Amadou glanced at Andevai. “They could have come over the roof.”

“There’s a goblin workshop locked up for the day on one side. On the other, they’re poisoning themselves with arsenic or some such. I don’t see how the girls could have gotten in here before us. And I’m not risking a troll’s maze. One foot wrong and the whole thing will crash down. Then we’ll be years haggling in court for damages. Trolls love haggling in court. Amadou, I suspect you’re right: This detour is a chase after a wild goose. Let’s go. They’re out there somewhere. I promised the mansa I would recover them and return them to him.”

Lord Marius went out. Amadou Barry followed.

Andevai crossed to the bed and picked up the jacket, holding it high so it swept along my left side. “Now I understand how you were able to get out of Four Moons House without being seen,” he whispered. “What magic conceals you? None I’ve ever heard of.”

“Listen! The mansa told them not to trust you. If you say left, then they’ll go right.”

Anger flashed in the flare of his eyes. “Is that so?”

“They were following you, to try to find us.”

“Were they, now?” His gaze narrowed as he contemplated an object, personage, or situation that annoyed him very much.

“Magister?” Amadou Barry stepped halfway back into the room. “Is something amiss?”

“I just can’t keep my eyes off it,” said Andevai, gaze skating above the collar of the jacket as his eyes met mine. “There’s so much about its tailoring I don’t comprehend. But it doesn’t truly belong to me, so I fear I must leave it behind. Although you never know. I haven’t given up on gaining something so very close to my heart.”

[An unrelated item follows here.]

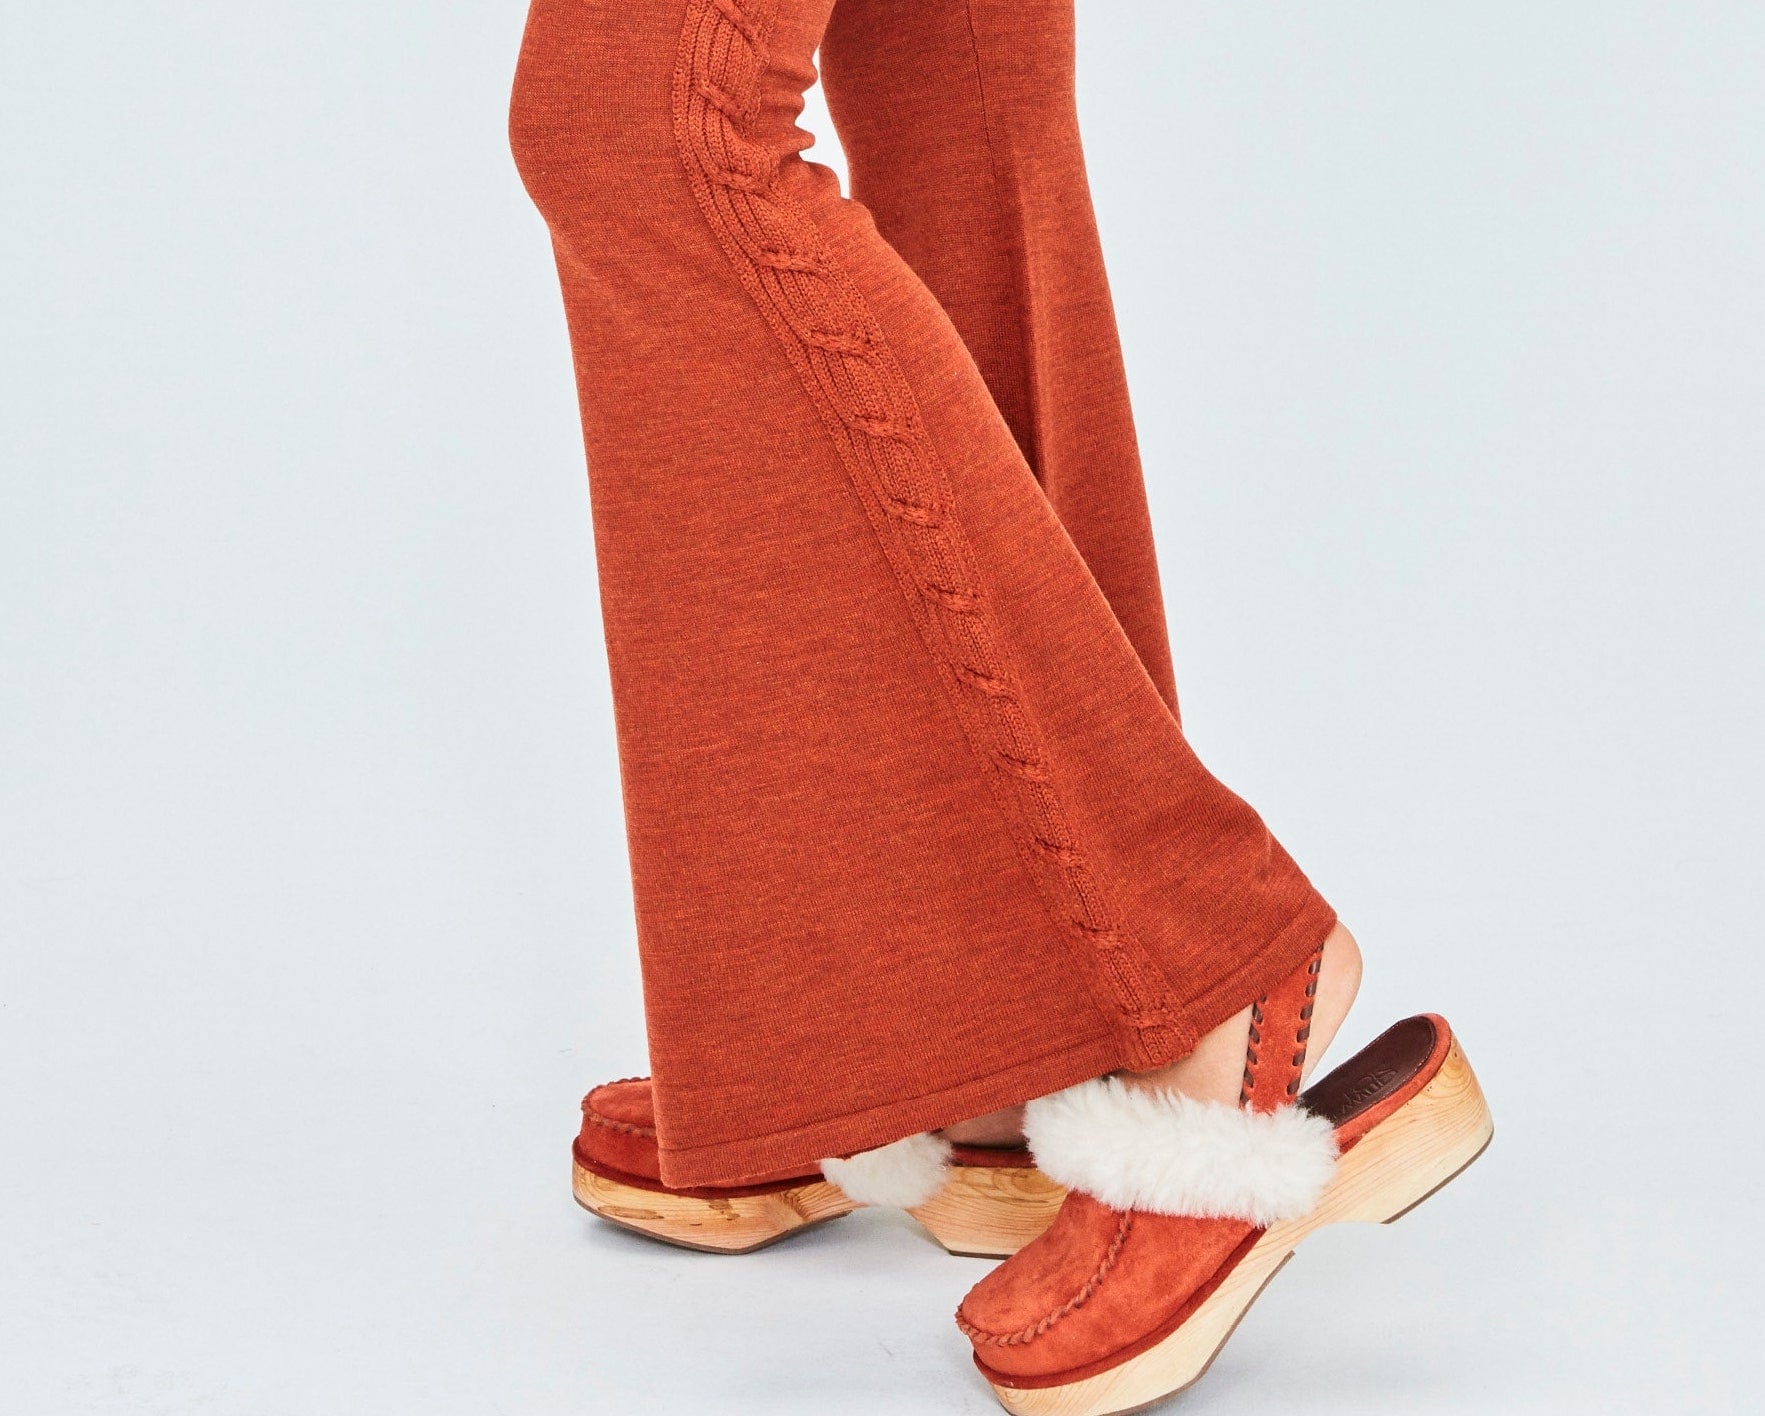 The Clog Trend Is Back for 2021, and I'm Not Mad About It

My cheeks were so on fire that I was amazed the legate could not see me.

Amadou Barry appeared startled by Andevai’s passionate words. “It’s a bit…over-complicated for my taste. We’re leaving now, Magister.”

“My thanks for the warning,” Andevai said, his gaze on me.

He tossed the jacket over the other clothes and turned away. At the door, he paused with a hand on the frame. I tensed, waiting for him to glance over his shoulder one last time.

A deep heavy boom shuddered the house.

“By Teutates!” cried one of the men, “they’re firing cannon on the river!”

Without looking back, Andevai walked out.

“Bring the prisoner,” said Lord Marius from the passage.

I heard Andevai. “By the way, Legate, how did you come to seek me out at the law offices?”

They clattered out, taking Amadou’s answer with them, and leaving me with a cold wind rising up through the shattered door and the jangling tinkling off-key chime from the chamber upstairs.